====== Data segment ======

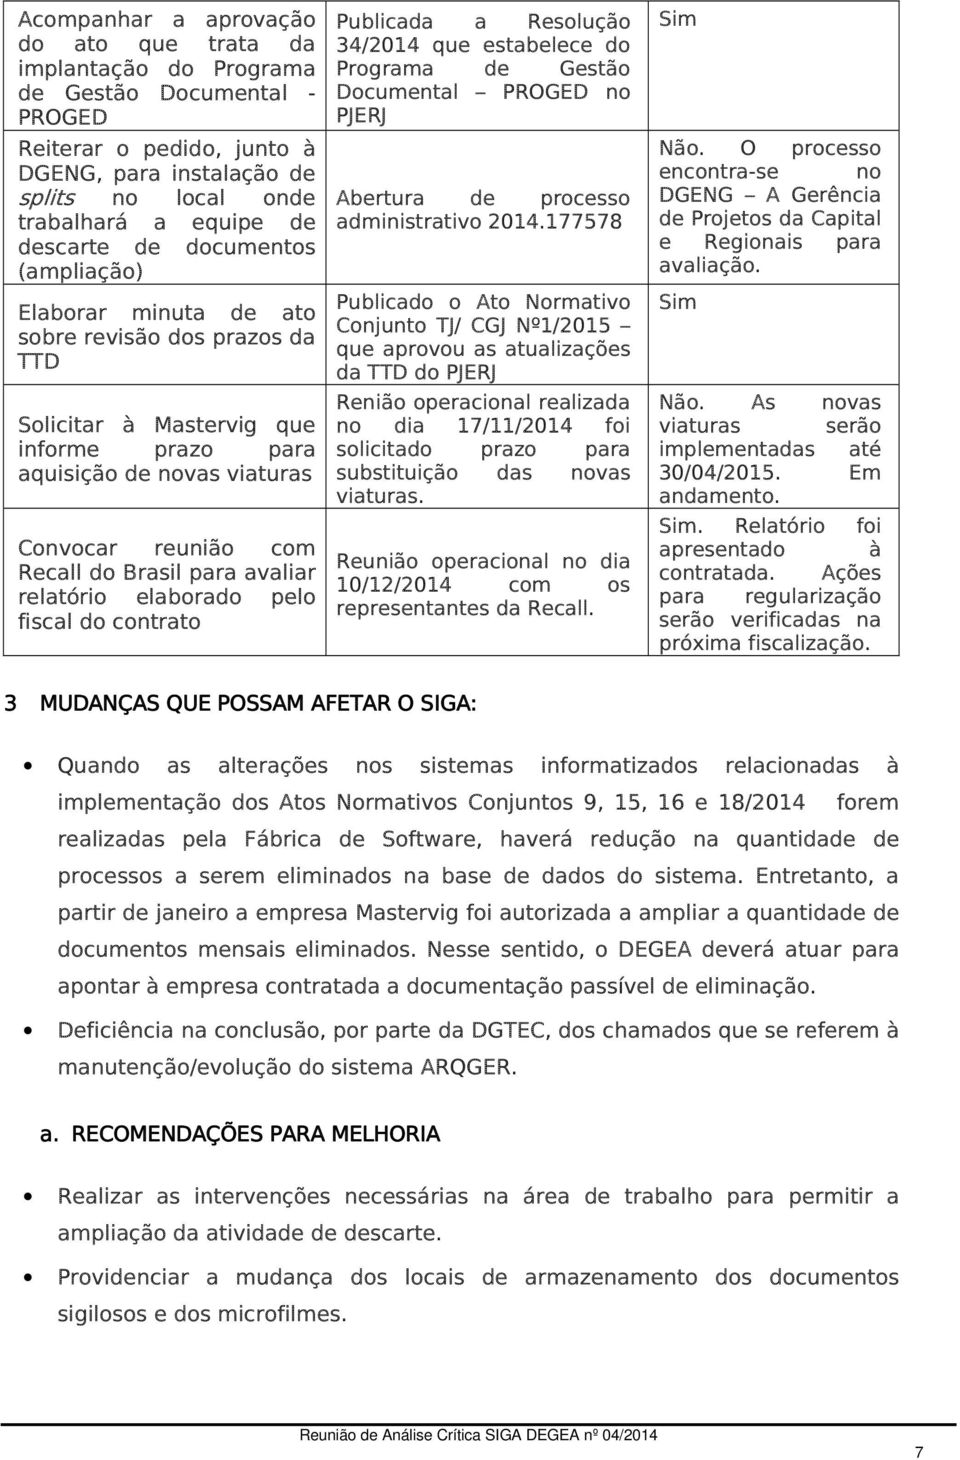 Brasil para avaliar relatório elaborado pelo fiscal do contrato Publicada a Resolução 34/2014 que estabelece do Programa de Gestão Documental PROGED no PJERJ Abertura de processo administrativo 2014.
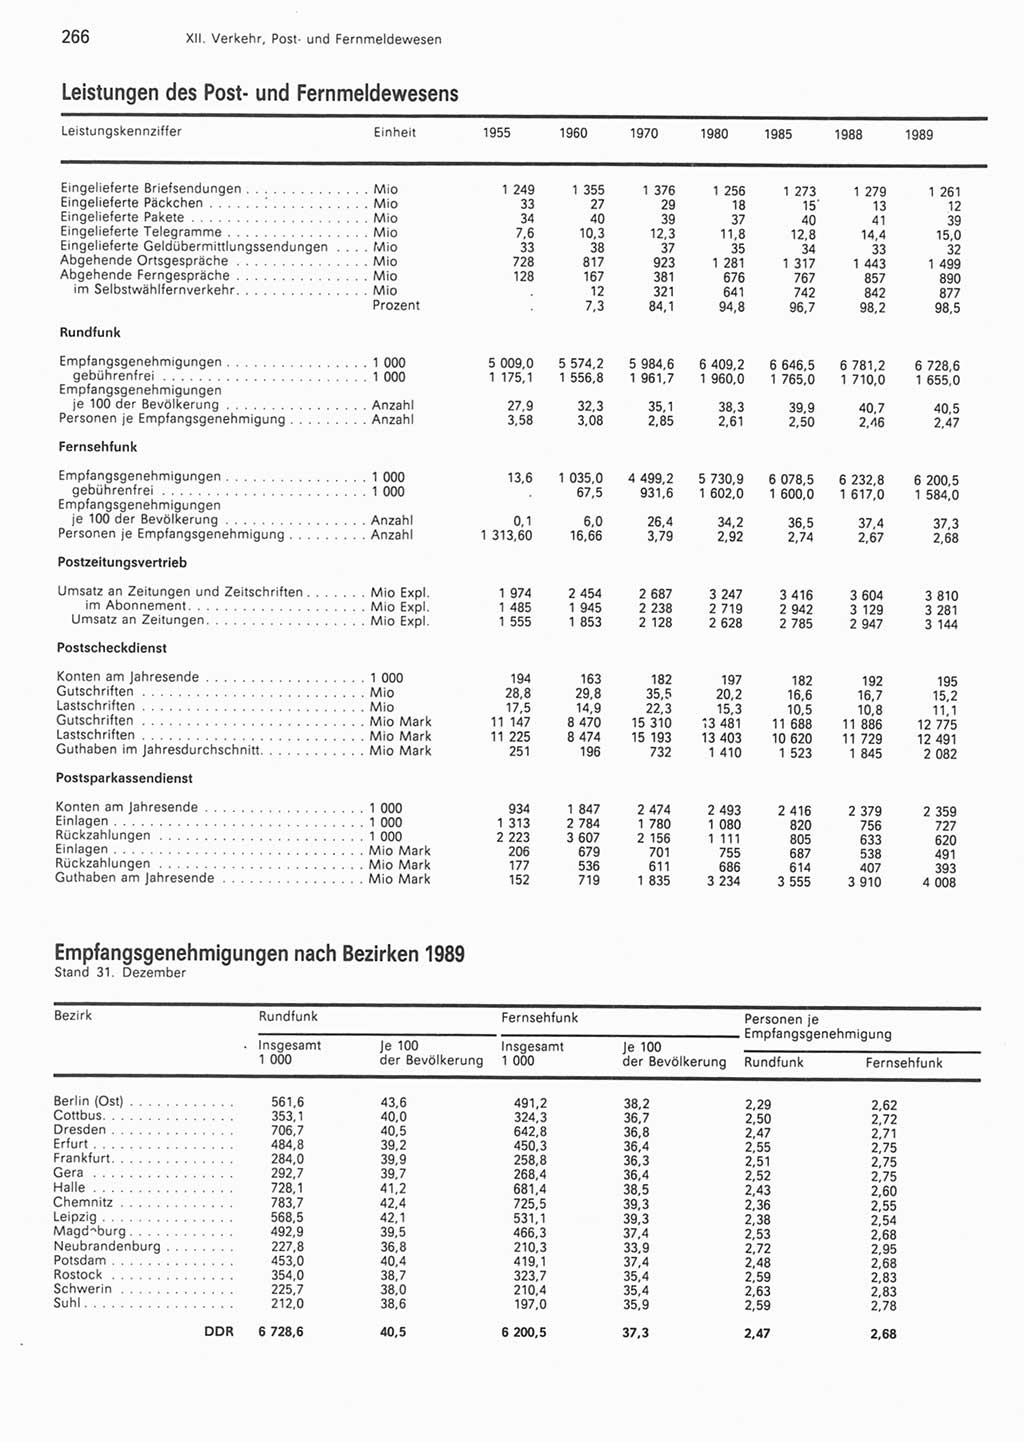 Statistisches Jahrbuch der Deutschen Demokratischen Republik (DDR) 1990, Seite 266 (Stat. Jb. DDR 1990, S. 266)
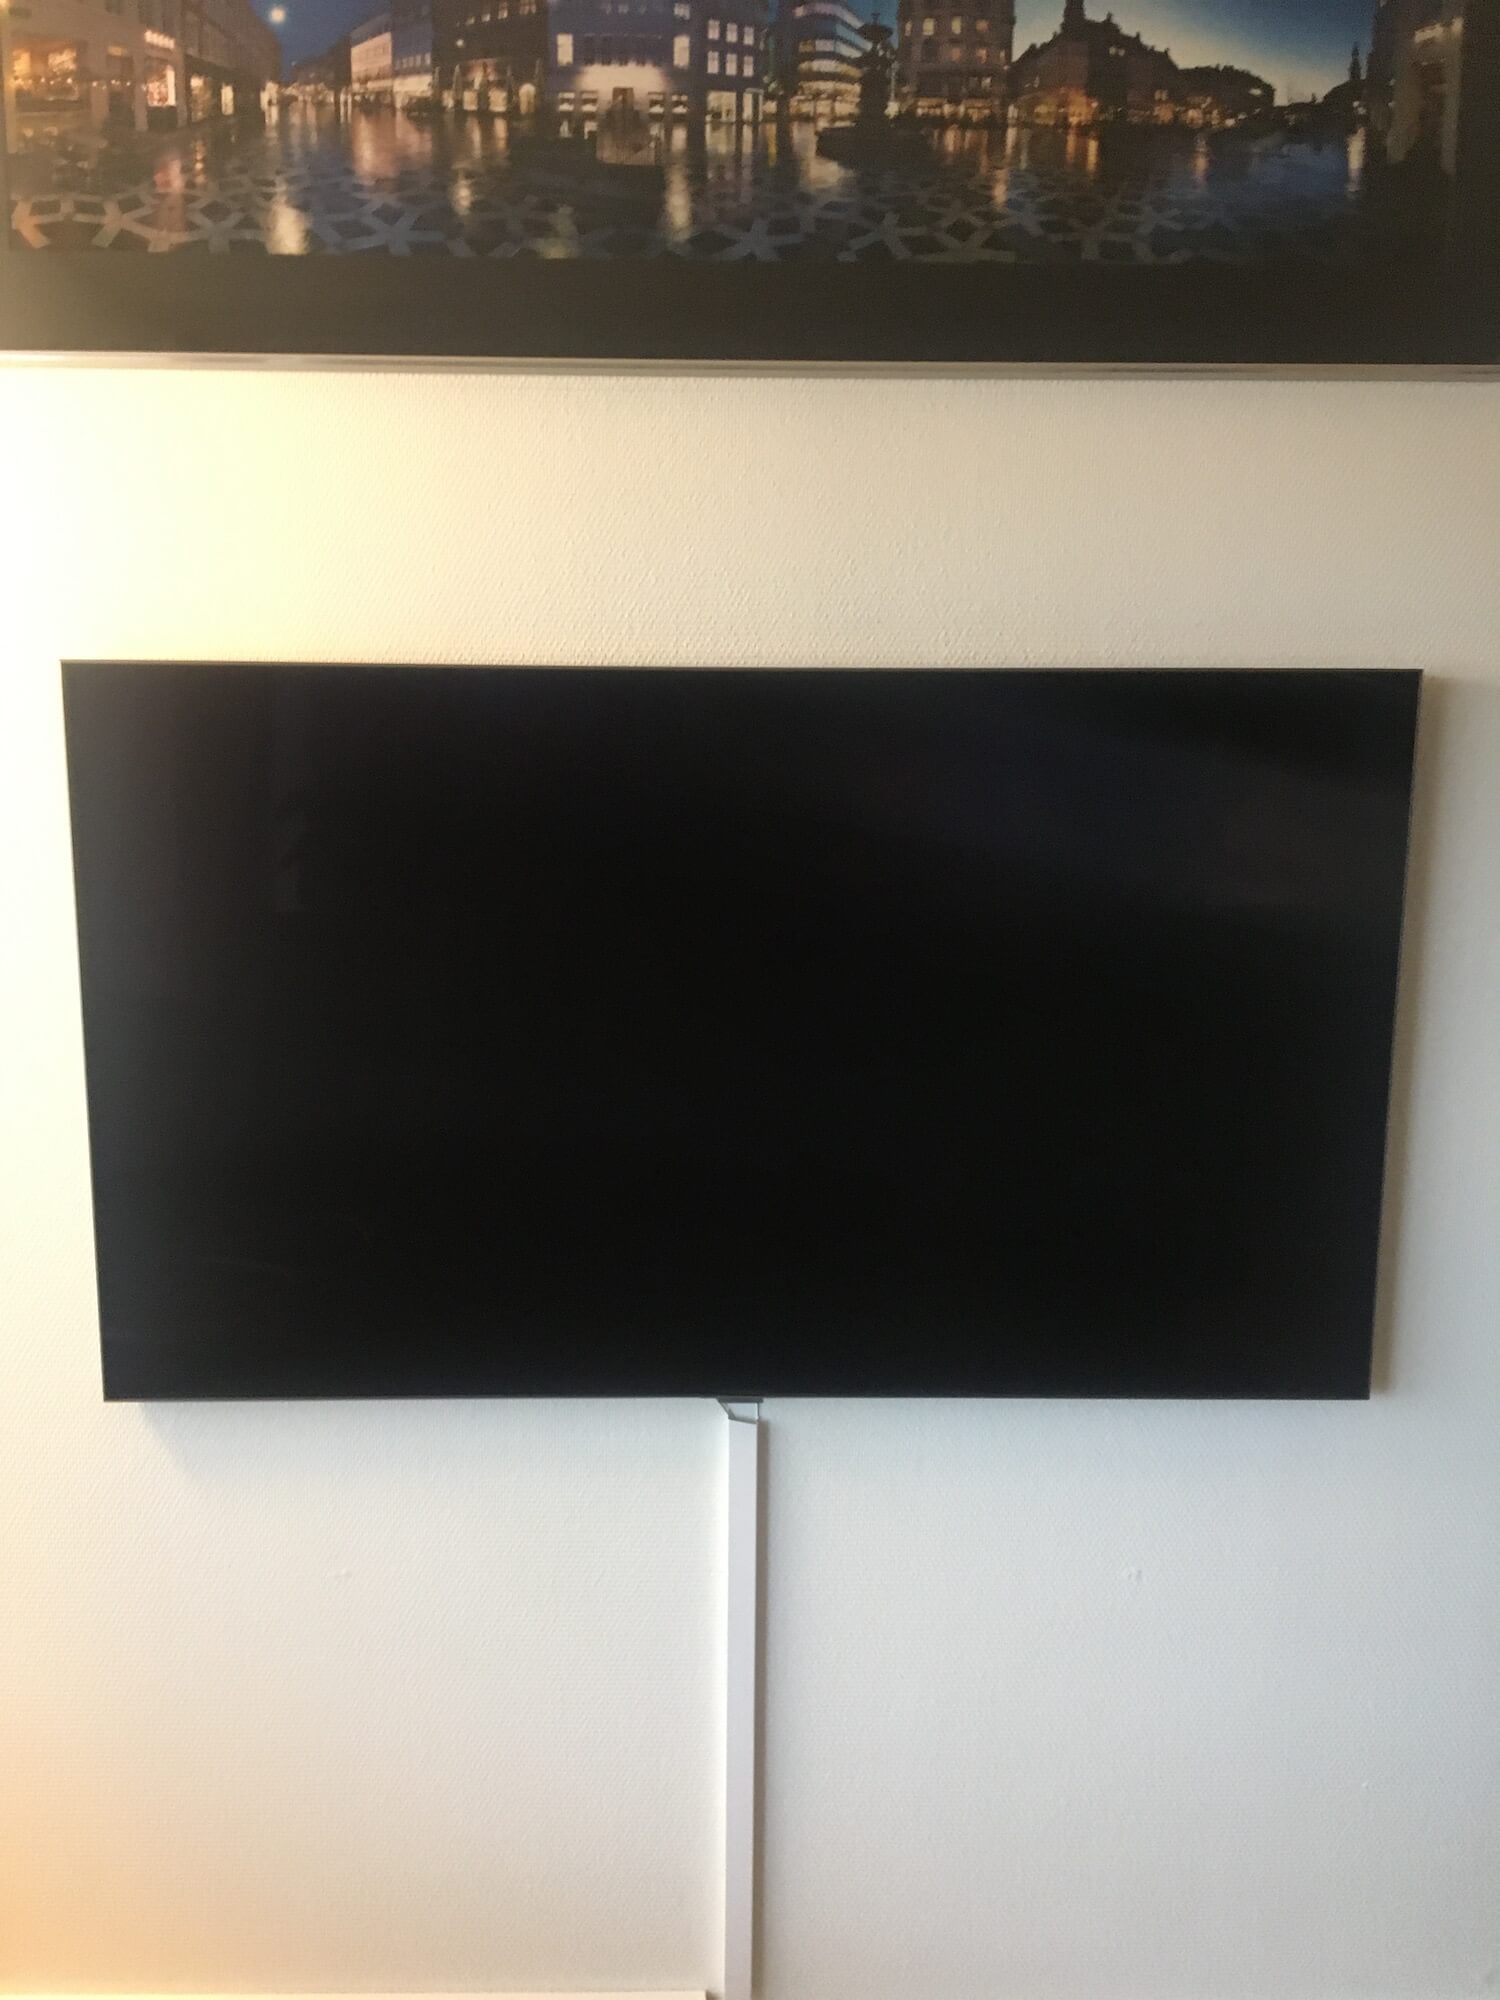 Montering af LG TV på gipsvæg med fladt vægbeslag

======

• Task brief:
Reproduce the lines above, exactly and exclusively, from the line containing "Statistisches Jahrbuch der" down to the last line, both included; pictures are not part of the copy.

• Finished exercise:
 Statistisches Jahrbuch der Deutschen Demokratischen Republik (DDR) 1990, Seite 266 (Stat. Jb. DDR 1990, S. 266)
 Montering af LG TV på gipsvæg med fladt vægbeslag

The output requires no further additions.